Writing the MutekH configuration file

Our configuration file is named hello/config_emu. Details about configuration file is explained later. This configuration file describe the following things:

• The application license, used to check license consistency for modules in use,
• The target hardware platform and processor
• Use of the POSIX threads library
• Use of terminal output
• Declaration of a new "hello" modules

The MutekH source code is split in modules. We now have to declare our new module to have it compiled along with the kernel by the build system. As modules may be located out of the source tree, we have to specify the module directory.

# Application license
  CONFIG_LICENSE_APP_LGPL

# Platform types
  CONFIG_ARCH_EMU

# Processor types
  CONFIG_CPU_X86_EMU

# Mutek features
  CONFIG_PTHREAD
  CONFIG_MUTEK_CONSOLE

# Device drivers
  CONFIG_DRIVER_CHAR_EMUTTY

# Code compilation options
  CONFIG_COMPILE_DEBUG

# New source code module to be compiled
  CONFIG_MODULES hello:%CONFIGPATH

Compiling the application along with MutekH

Simply type:

make CONF=hello/config_emu

Once the compilation process has finished, the executable binary is available:

kernel-emu-x86-emu.out 

Execution

Simply execute the program as a normal unix executable:

$ ./kernel-emu-x86-emu.out
(0) Hello (0) World
(0) Hello (0) World
(0) Hello (0) World
(0) Hello (0) World
...

Part2 : Running MutekH in a multiprocessor SoCLib simulator

Getting SoCLib

We now need to have a working SoCLib install. SoCLib installation is explained here: ​https://www.soclib.fr/trac/dev/wiki/InstallationNotes

SoCLib platform description

The SoCLib source tree contains a platform dedicated to this tutorial: soclib/soclib/platform/topcells/caba-vgmn-mutekh_tutorial/.

Getting the cross-compilers

You can rely on the tools/crossgen.mk script which comes along with MutekH to build some GNU cross-toolchains:

 $ tools/crossgen.mk
 $ tools/crossgen.mk all TARGET=mipsel-unknown-elf

MutekH Configuration

Note: This example is readily available in the examples/hello directory in the MutekH source tree.

The MutekH configuration for the 4 Mips processors platform is in the trunk/mutekh/examples/hello/config_soclib_mipsel file.

You may have noticed the processor definition change: we are now building for a 4 little-endian Mips processors platform.

Have a look to the BuildSystem page for more information about configuration system and configuration file format.
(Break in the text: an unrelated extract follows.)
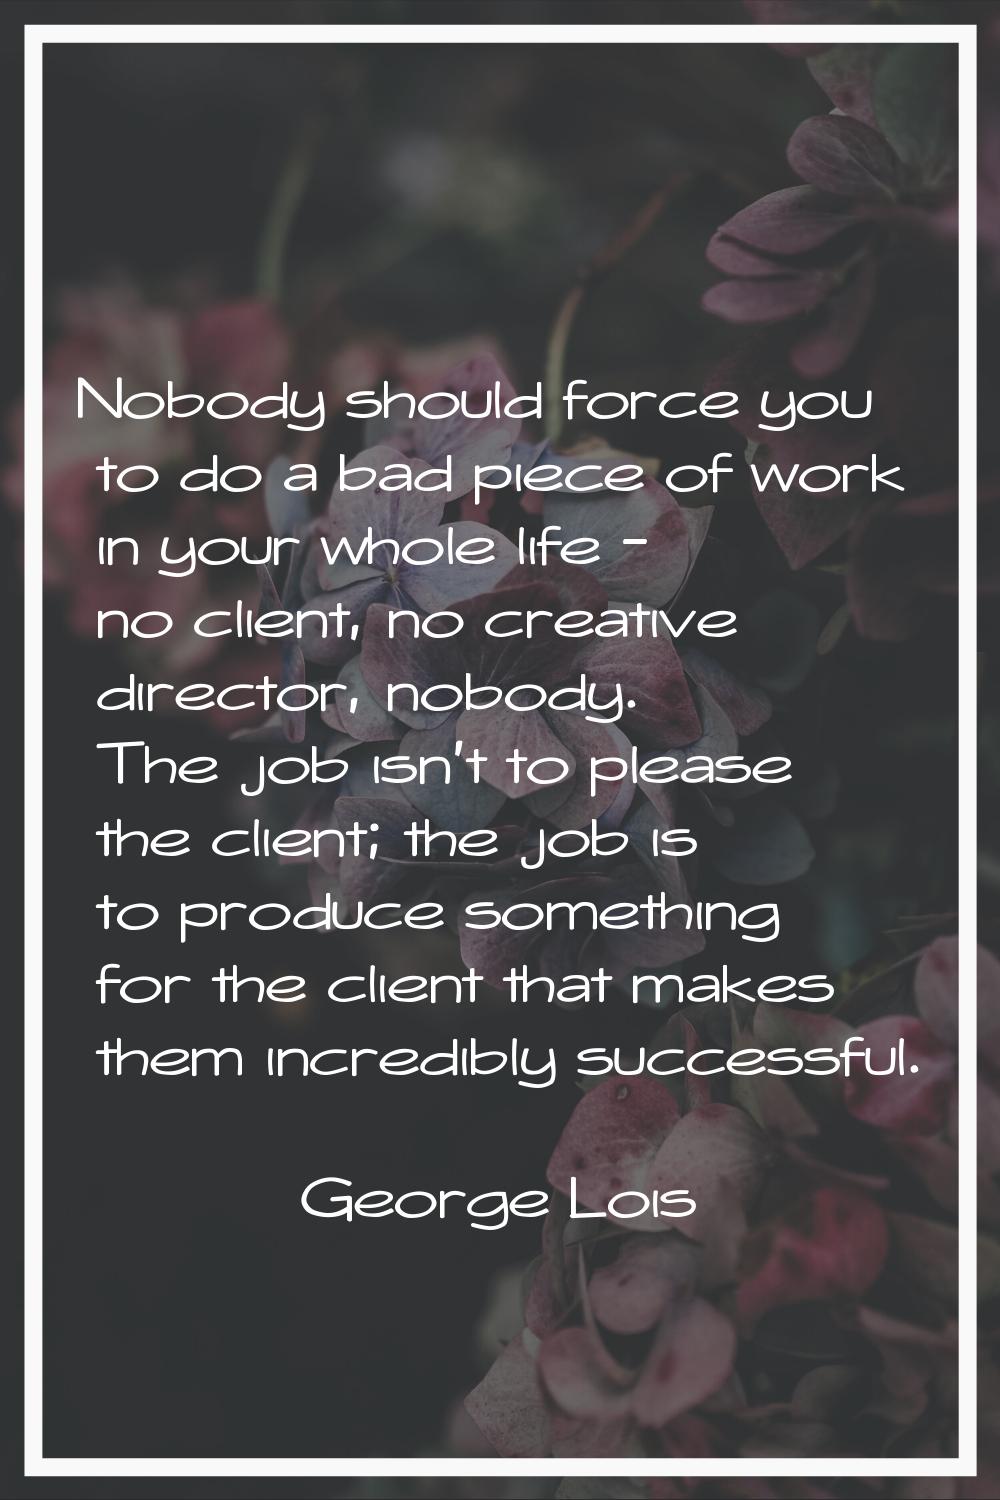 Nobody should force you to do a bad piece of work in your whole life - no client, no creative direc

The ​MutekH API reference manual describes all available configuration tokens.

Platform description

This hardware platform uses now hardware enumeration (plug and play), so the CONFIG_ARCH_DEVICE_TREE token is defined in the configuration file. It will let the kernel get the platform layout description from a FlattenedDeviceTree which will be built-in.
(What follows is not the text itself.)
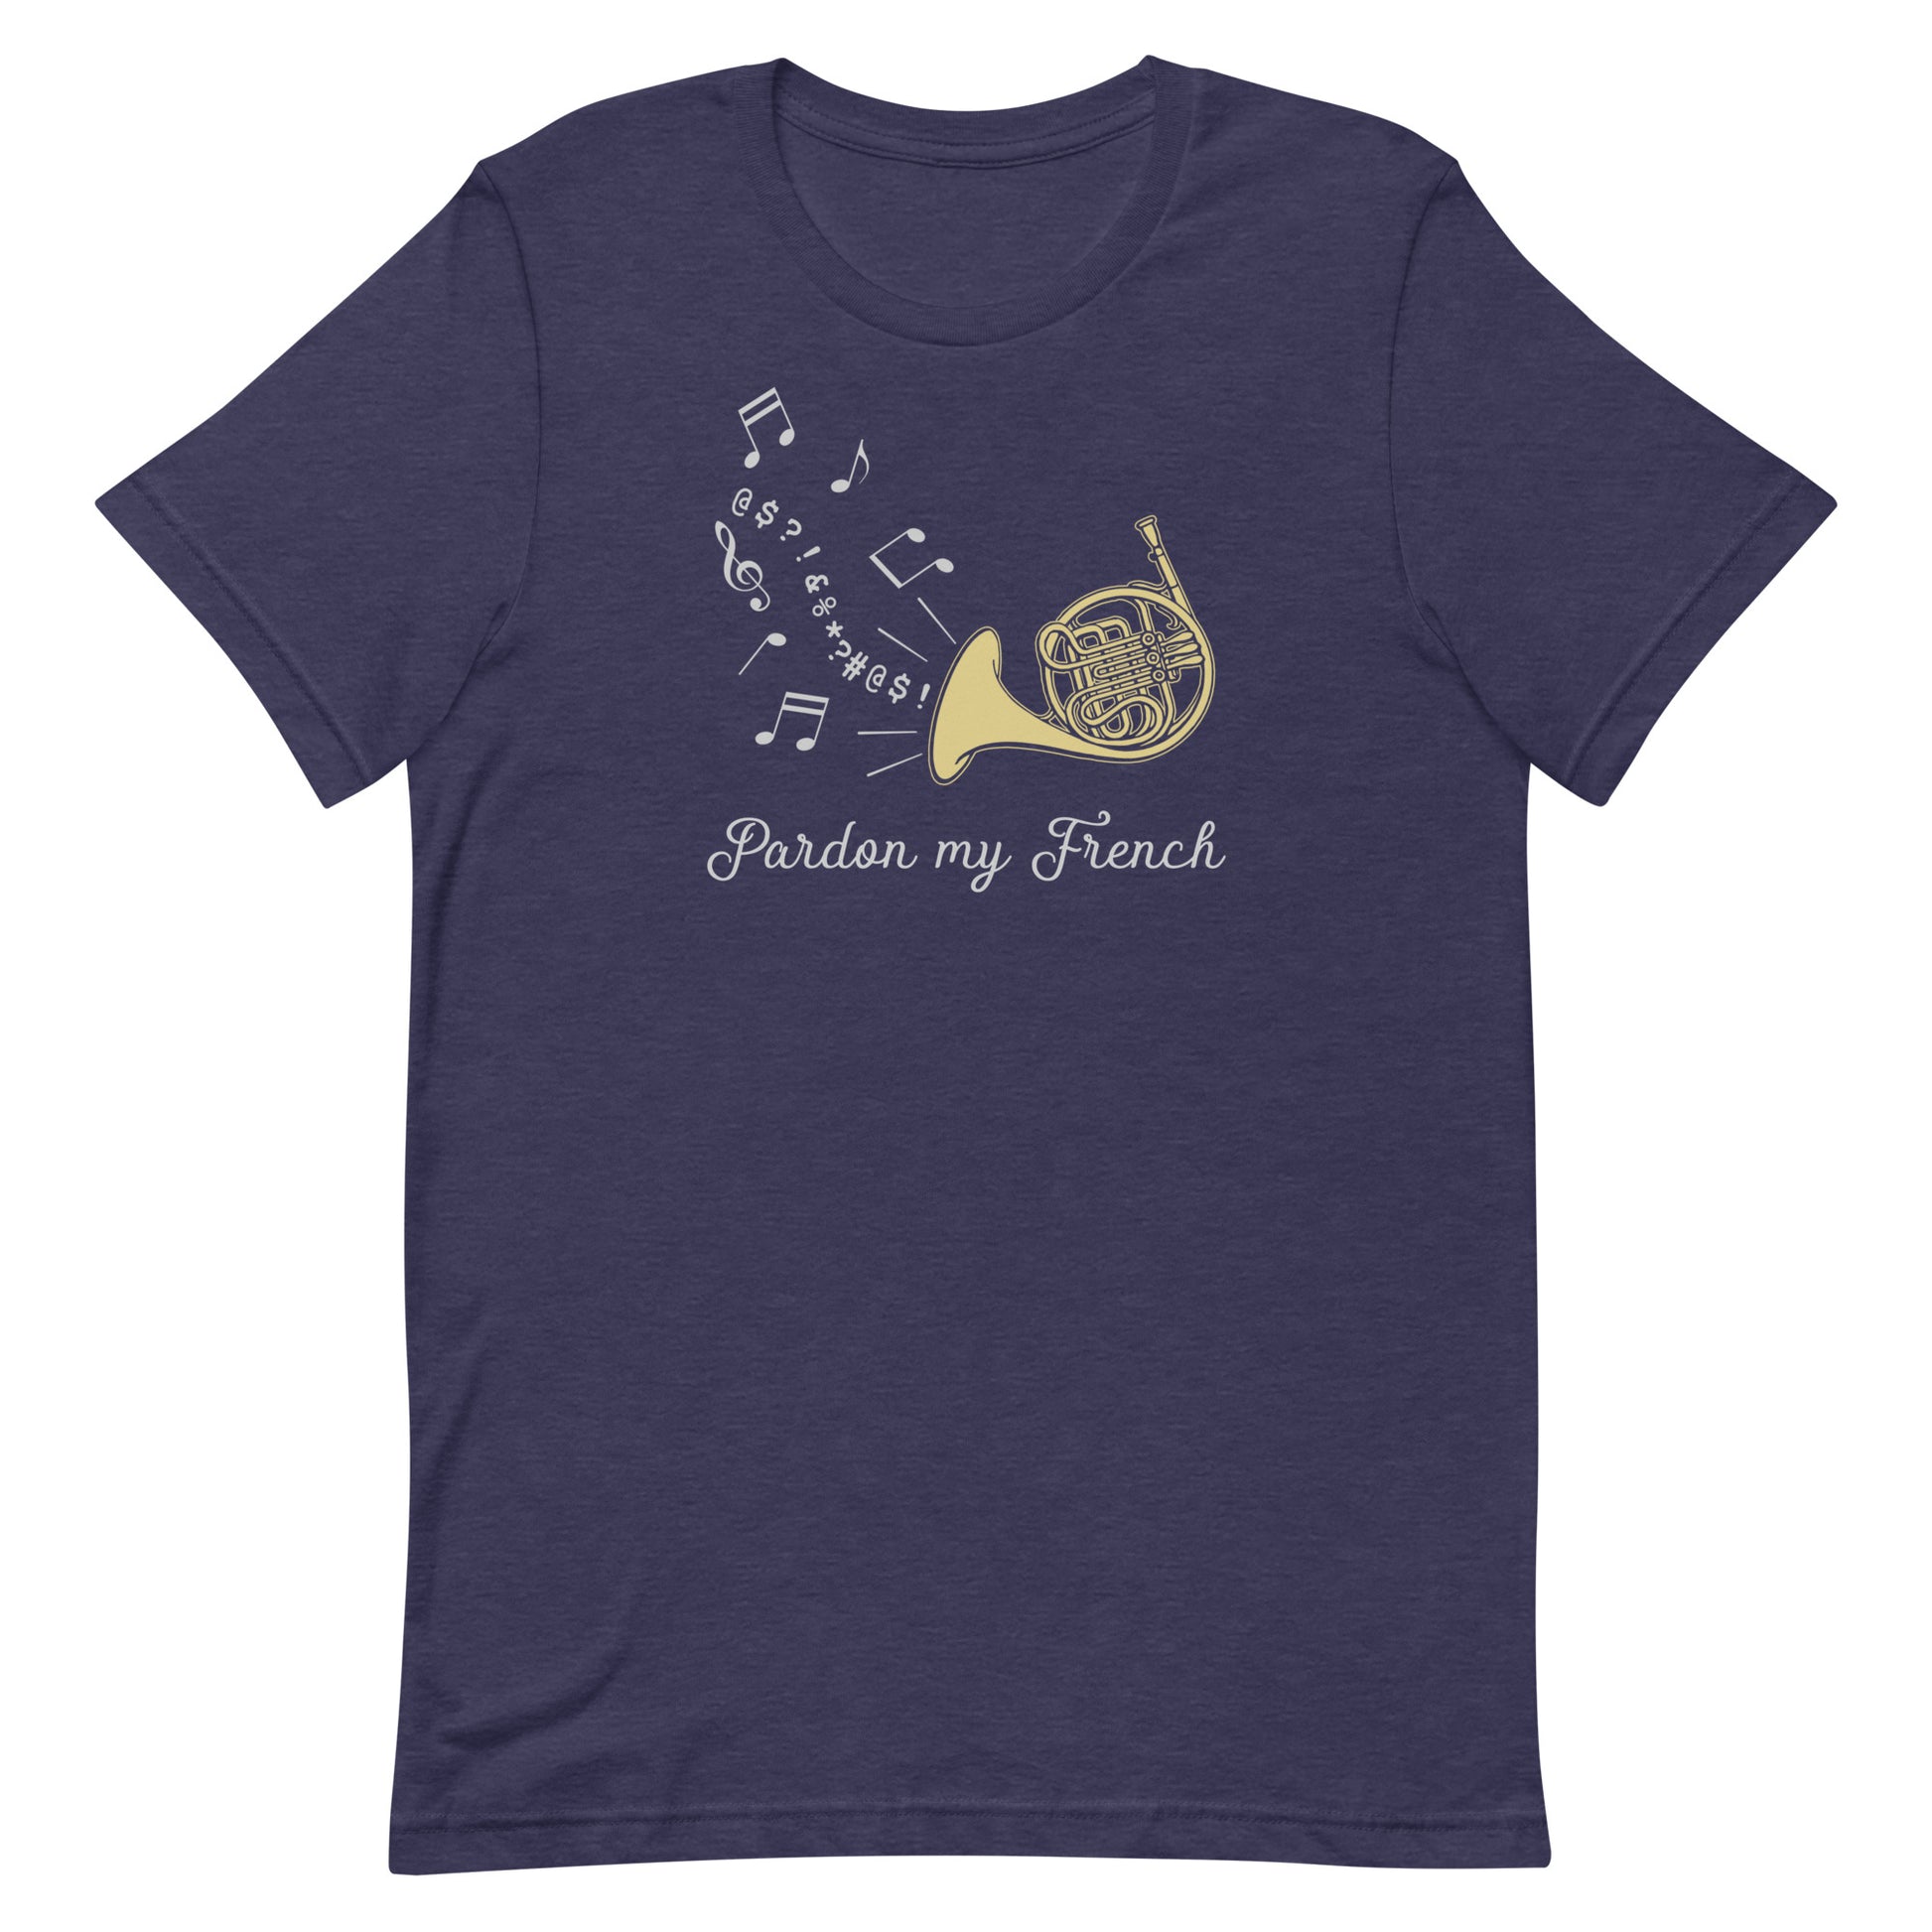 Funny French Horn T Shirt: Pardon My French - Navy Blue

Therefore, we have to provide the platform description FlattenedDeviceTree and add it to the Makefile to have it compiled in. The hello/Makefile file must contain:

objs = hello.o platform-mips.o

The current FlattenedDeviceTree source file is trunk/mutekh/examples/hello/platform-mips.dts.

Compiling the application along with MutekH

The MutekH kernel and the application may be built out of the source tree.

Change to the SoCLib platform directory and apply the following steps to experiment with out of tree compilation. You have to setup the following variables:

MUTEKH_DIR

Path to MutekH source tree

APP

Path to application source

CONFIG

MutekH configuration file name

$ cd soclib/soclib/platform/topcells/caba-vgmn-mutekh_tutorial
$ make MUTEKH_DIR=~/mutekh/ APP=~/mutekh/examples/hello CONFIG=config_soclib_mipsel all

This will build the MutekH kernel along with the application. You can still build MutekH separately as explained in the first part. The simulator can then be built using:

$ cd soclib/soclib/platform/topcells/caba-vgmn-mutekh_tutorial
$ make system.x

Execution

The simulator needs the MutekH executable file name and the processor type and the number of processors of this type:

$ ./system.x mutekh/kernel-soclib-mips.out:mips32:4

You may want to refer to other articles and documents available from the main page to go further with MutekH.

The ​SoCLib home page provides a livecd image with more advanced examples ready to compile and run. These examples are using older MutekH revisions though.